WORK TO BE COMPLETED ▸ Here is the task for the listing below: output exactly the lines from the one containing "NoBell' maxi jurk" through the one containing "De minimale witte", and leave out the pictures.

GIVEN ENTRIES ▸
════════
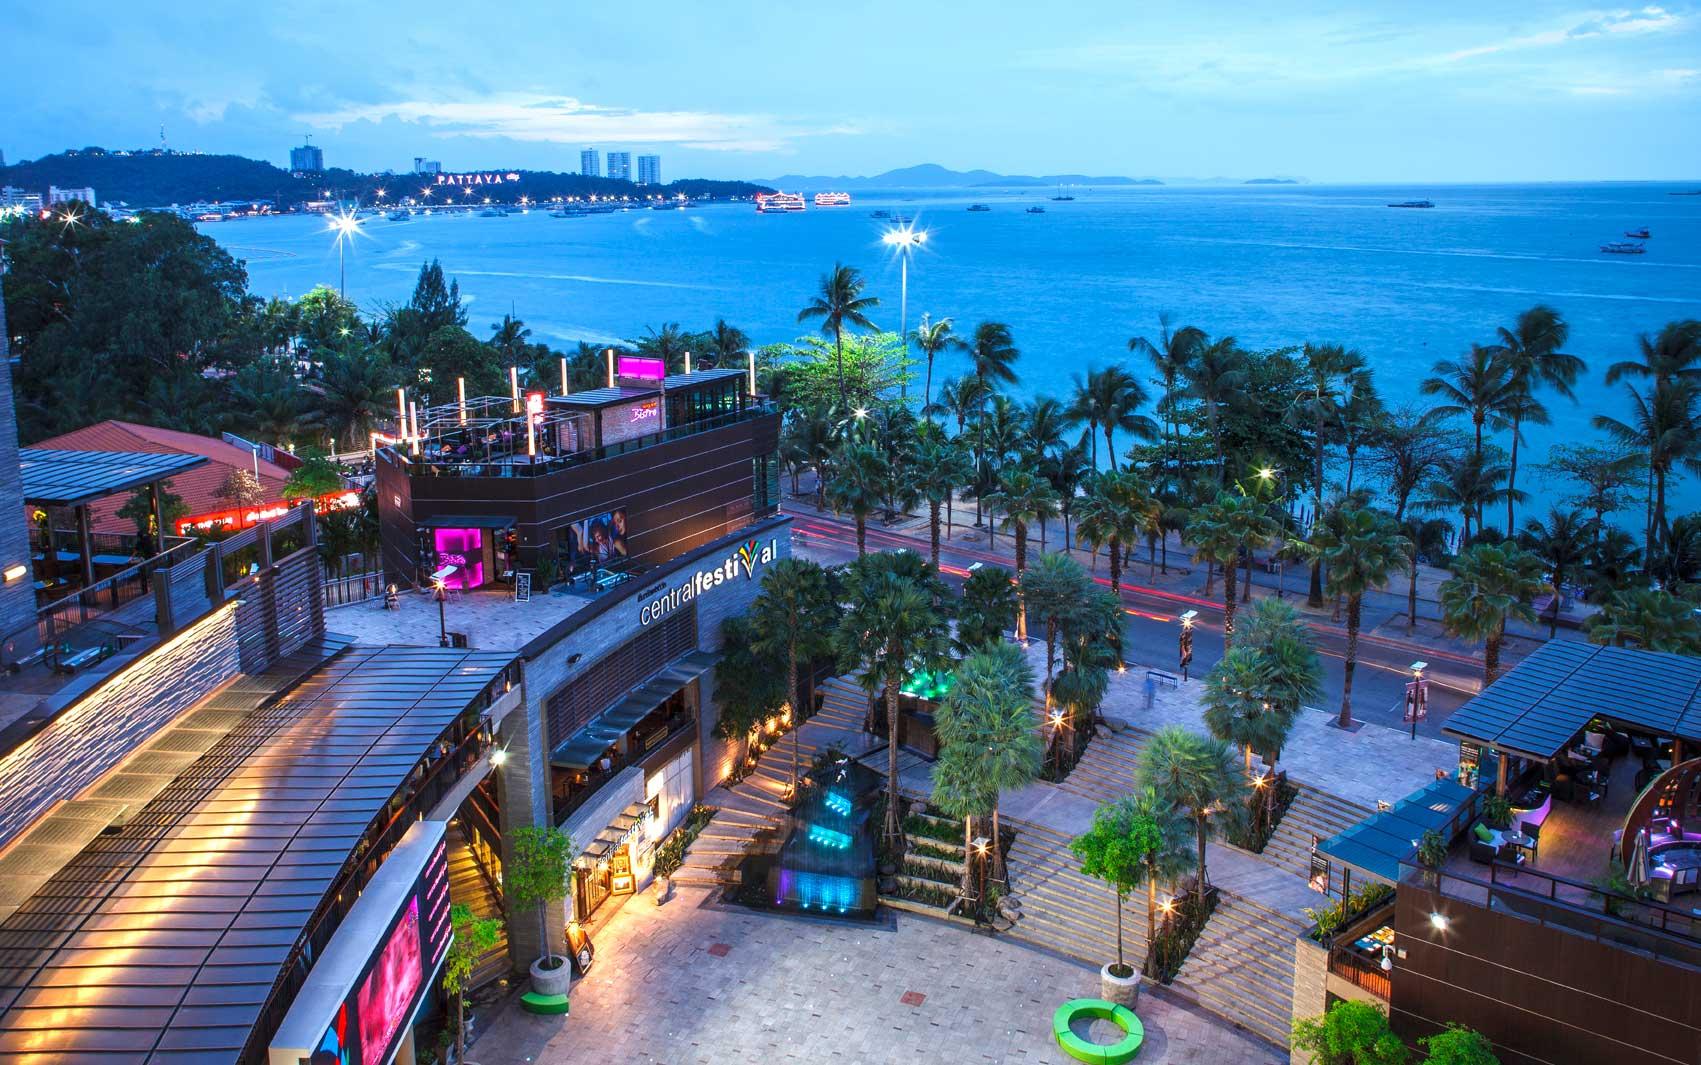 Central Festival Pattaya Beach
════════
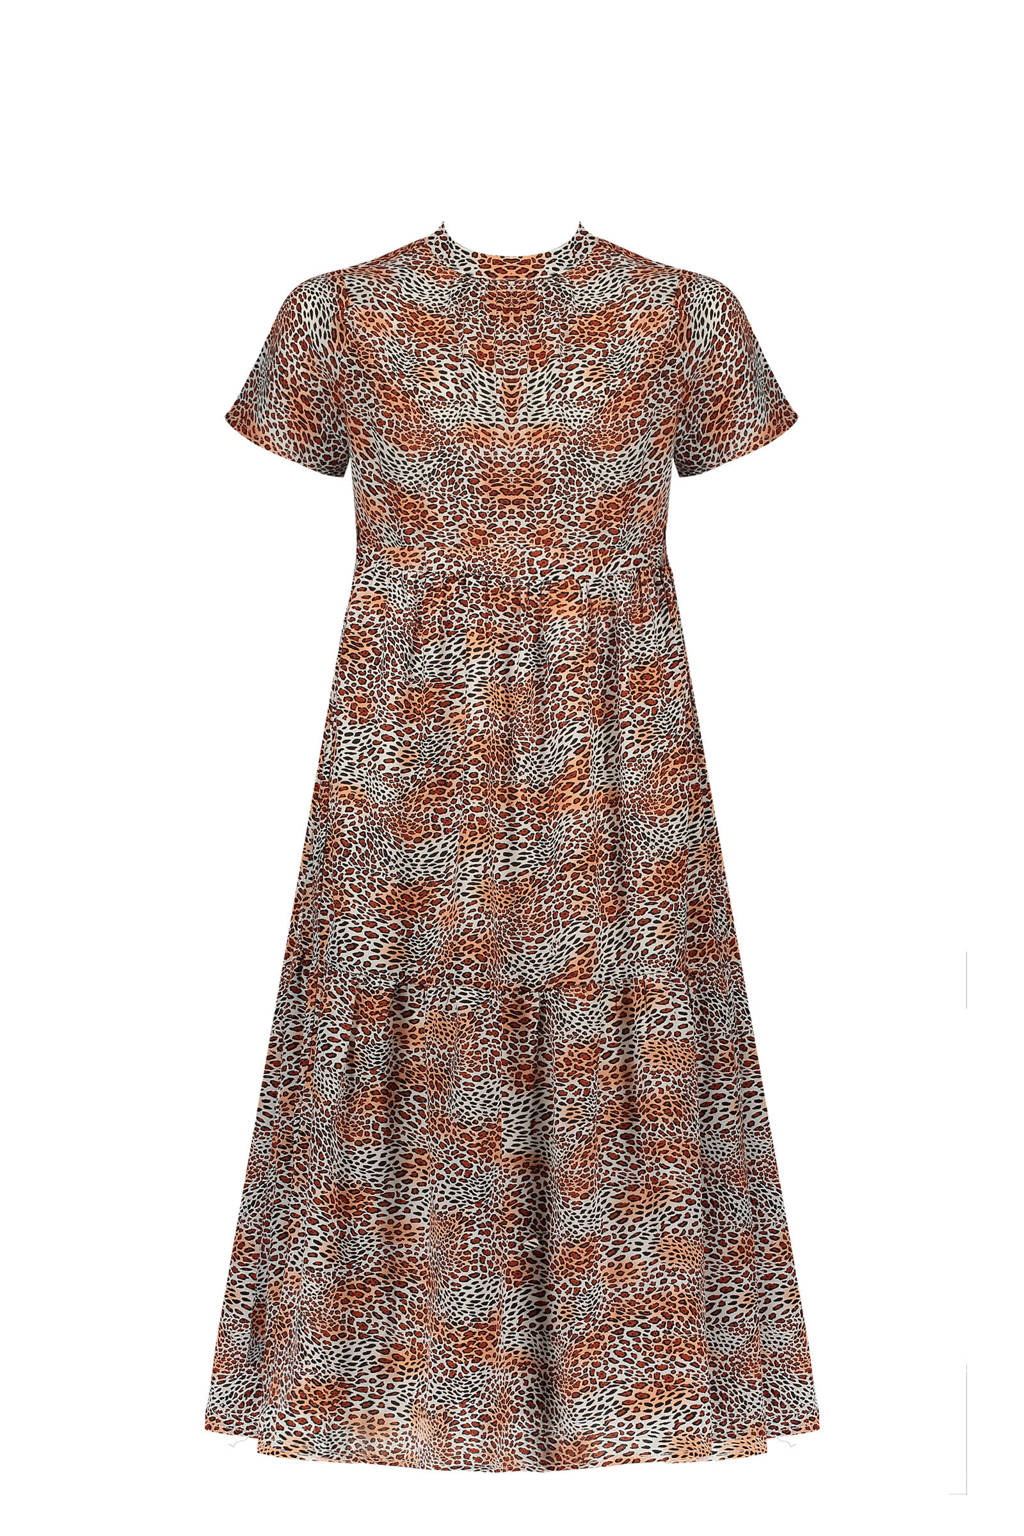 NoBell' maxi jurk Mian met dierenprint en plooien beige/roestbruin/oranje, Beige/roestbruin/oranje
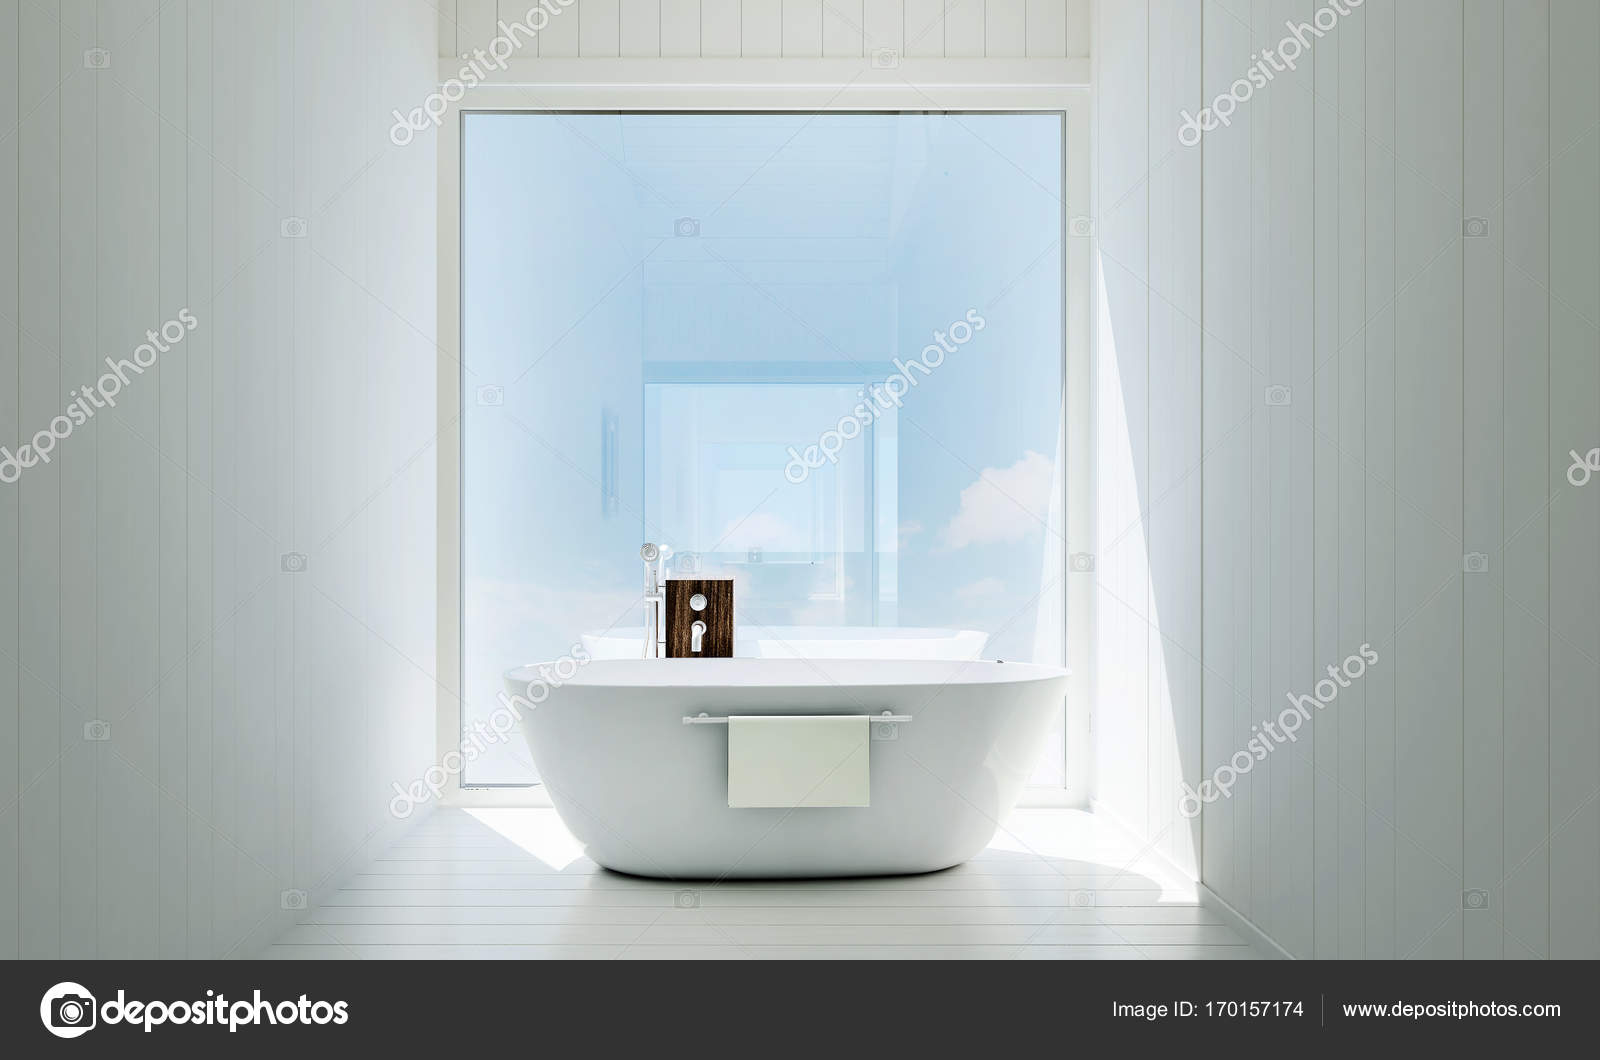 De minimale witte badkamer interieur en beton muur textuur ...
════════
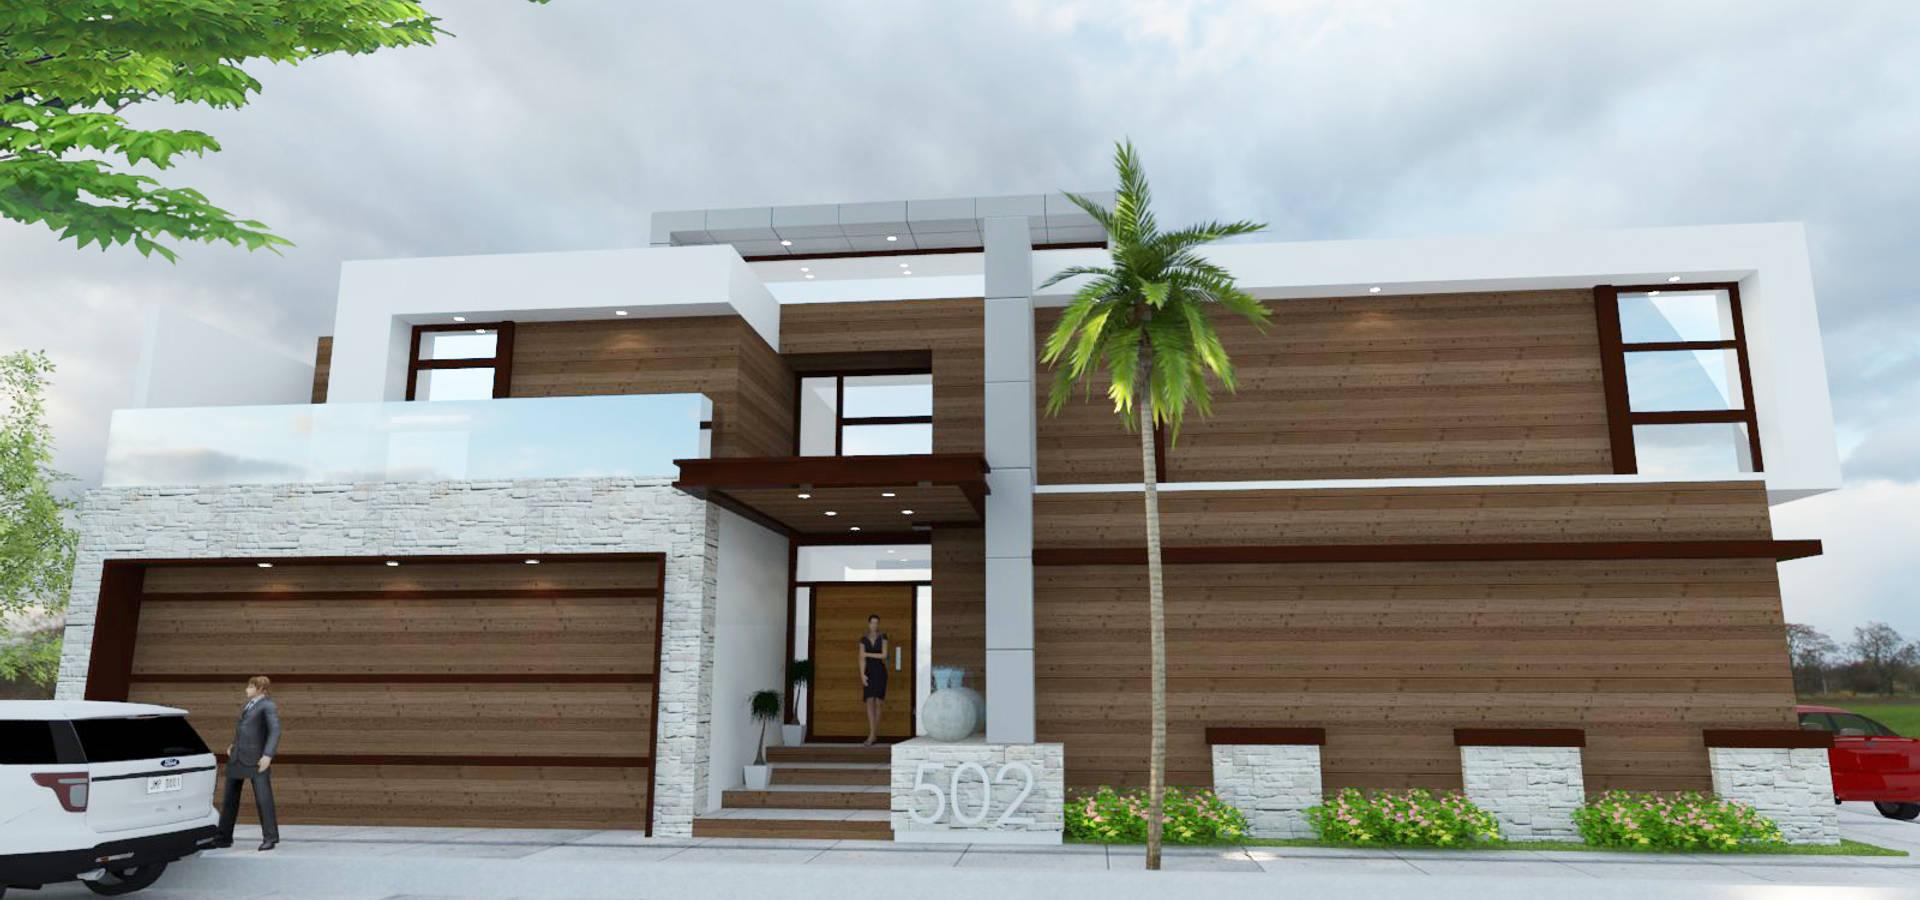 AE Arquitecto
════════
YOUR RESPONSE ▸
 NoBell' maxi jurk Mian met dierenprint en plooien beige/roestbruin/oranje, Beige/roestbruin/oranje
 De minimale witte badkamer interieur en beton muur textuur ...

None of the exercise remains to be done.